The Qian and Liu lab at the award ceremony of 2017 UNC Postdoc Mentoring Award! All five postdoc in the two labs nominated Dr. Qian together and she became the youngest winner of the award, showing her effort and excellence in mentoring trainees in the lab! Upper row left to right: Sahar, Michael, Blake, Chaoying, and Hong. Lower row left to right: Yang, Li Wang, Ziqing, Li Qian, Jiandong, Haley, Tiffany and Peisen. Here is the lab website: http://uncliqian.web.unc.edu/

Our other wonderful collaborators Dr. Jan Prins at UNC and Dr. Weining Shen at UCI

What Is Next?

Decades of accumulation of bioinformatics and computational modeling algorithms and improvement on sensitivity of each step in the sequencing pipeline finally led to the quantum leap that resulted in the advent of single cell OMICs. It is like the invention of smart phone – a completely new era of biological discovery has dawned. Single cell OMICs provide access to new biological questions or revisits of old biological questions but at an unprecedented resolution. Examples of questions to re-ask include “what defines a cell?”, “ultimately how is the fate of a cell determined?” and “what are molecular cascades to establish the cell fate once determined?”
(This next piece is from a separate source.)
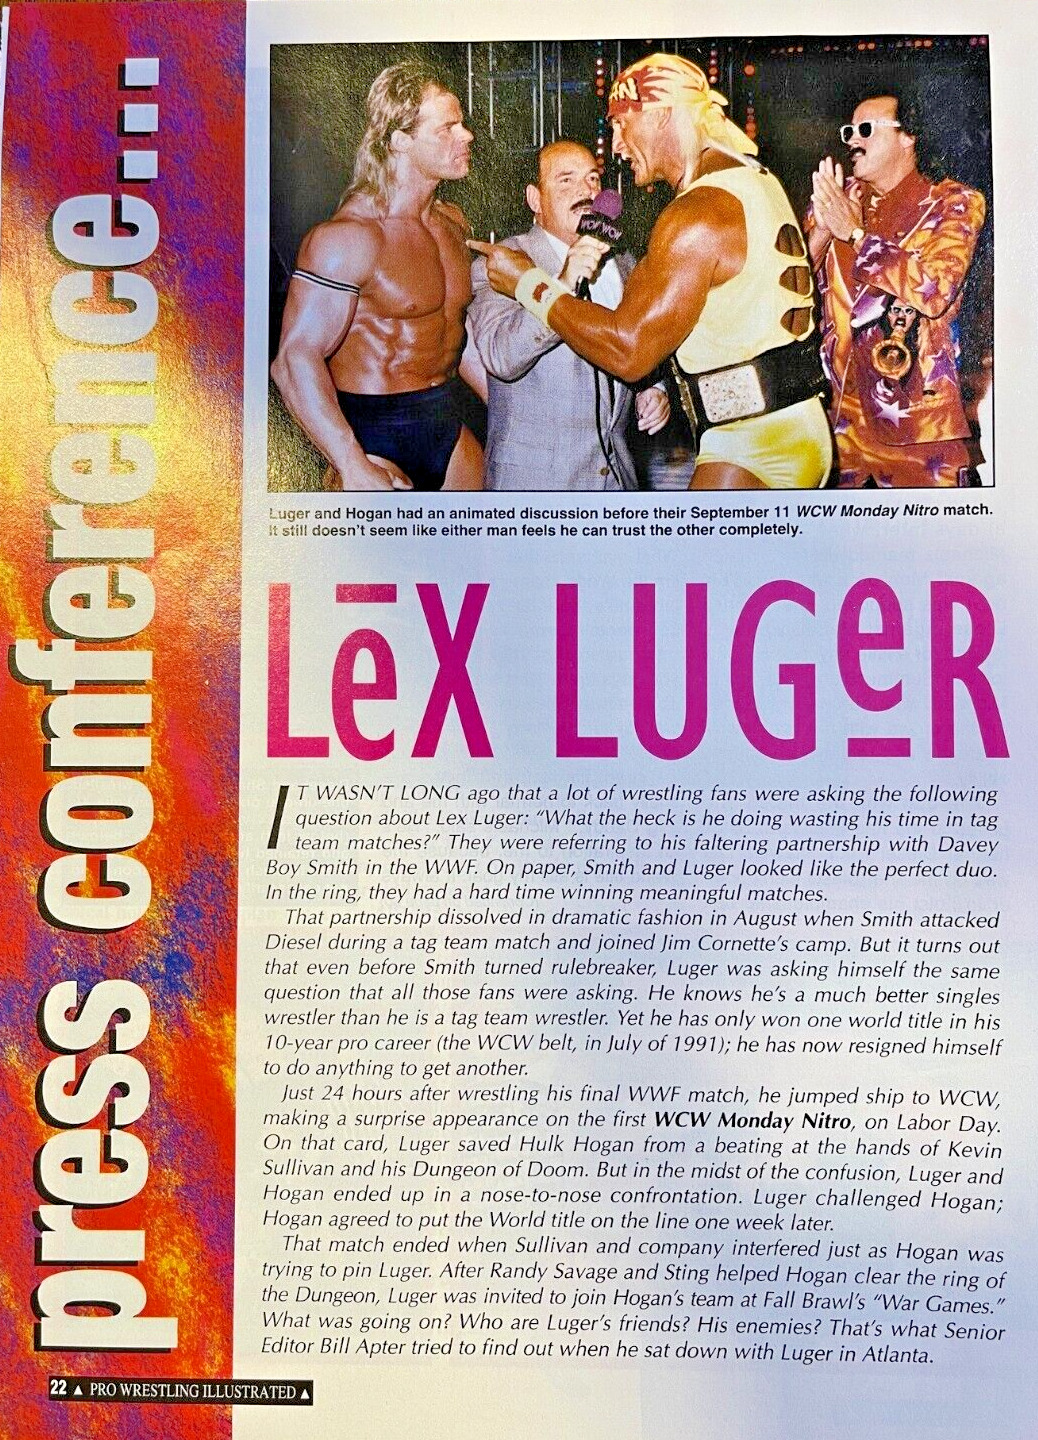 1996 Wrestler Lex Luger
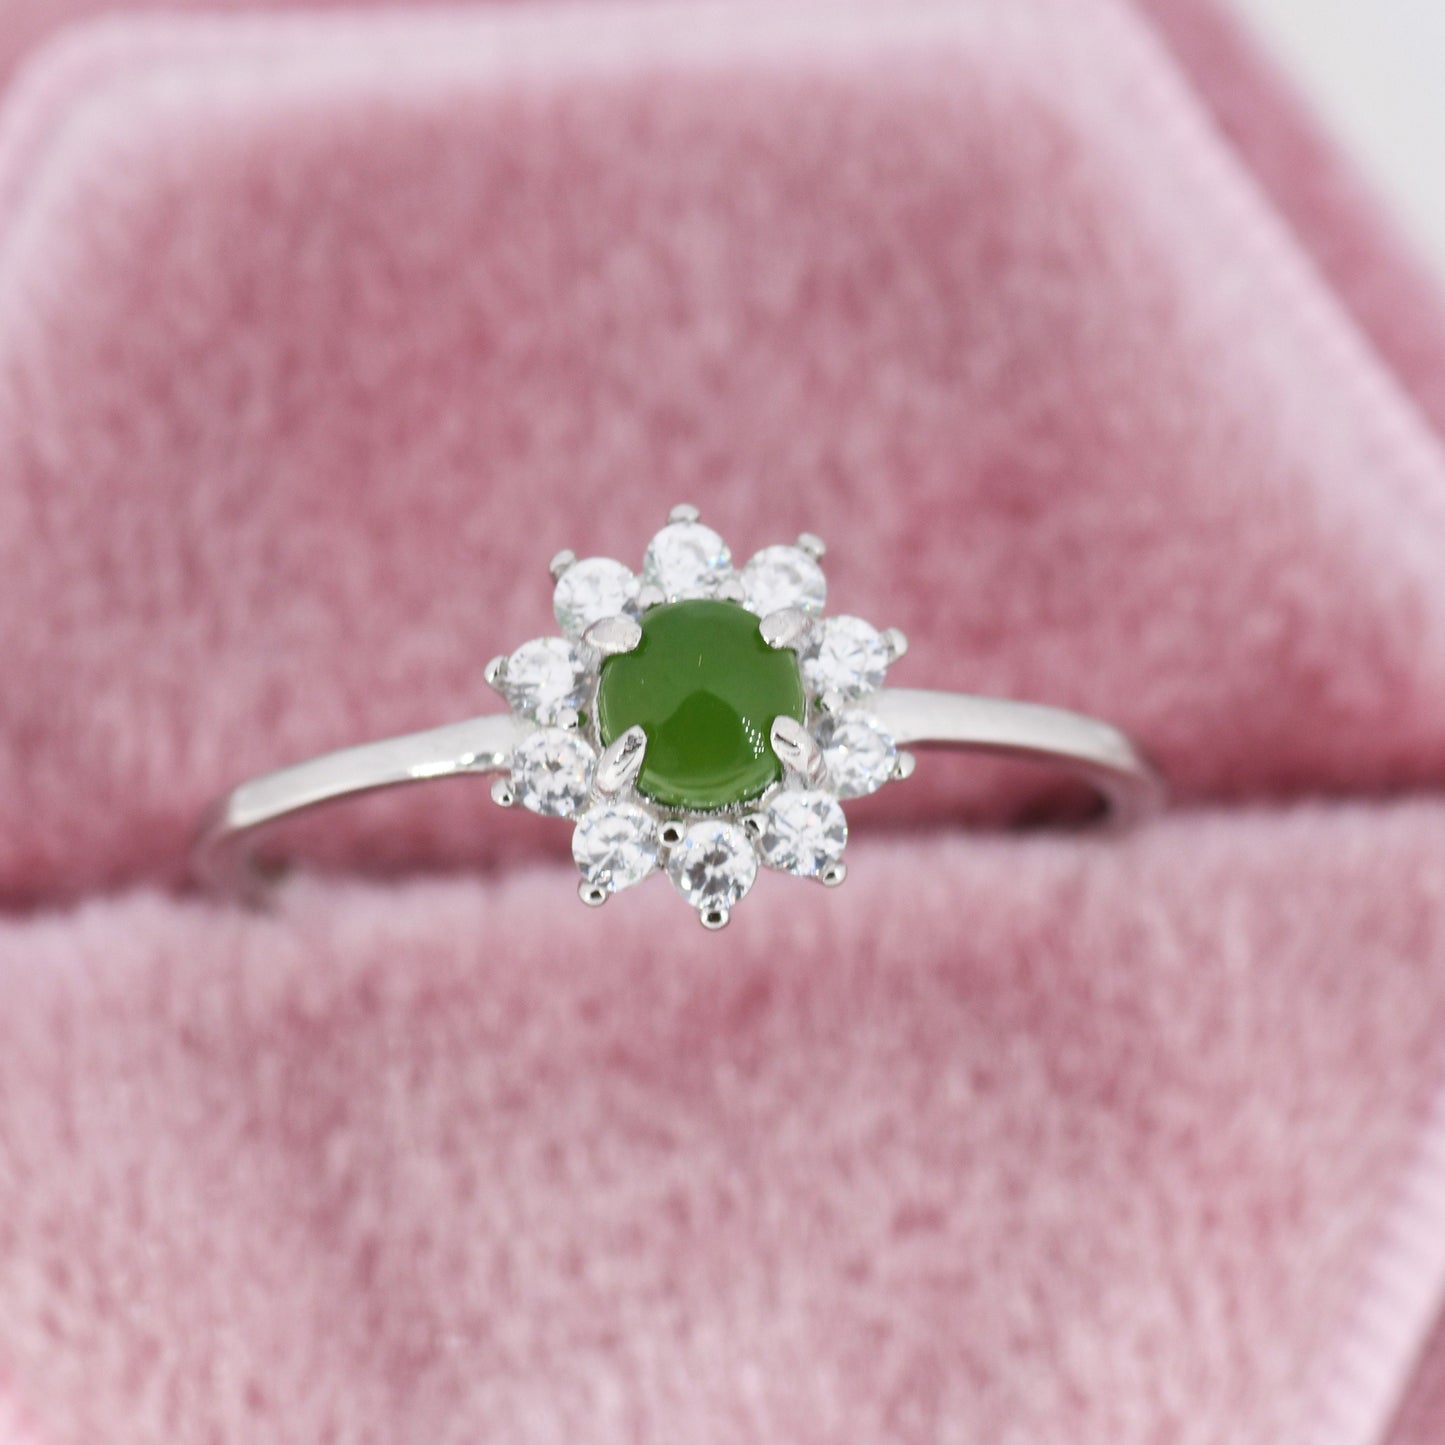 Genuine Jade Stone Halo Ring in Sterling Silver, US 5 - 8, Natural Jade Gemstone Ring,  Crystal Flower Ring

In the world of big data, changes in technology and computer modeling algorithms are rapidly re-shaping the world around us and the way we do research. Interdisciplinary projects adopting combinatorial approaches of both biological experiments and computational analyses will open new windows of biological discoveries and inspire new ideas on both sides. In the future, we expect to continue this strategy of interdisciplinary collaboration and further explore cell fate control in development, regeneration, and disease.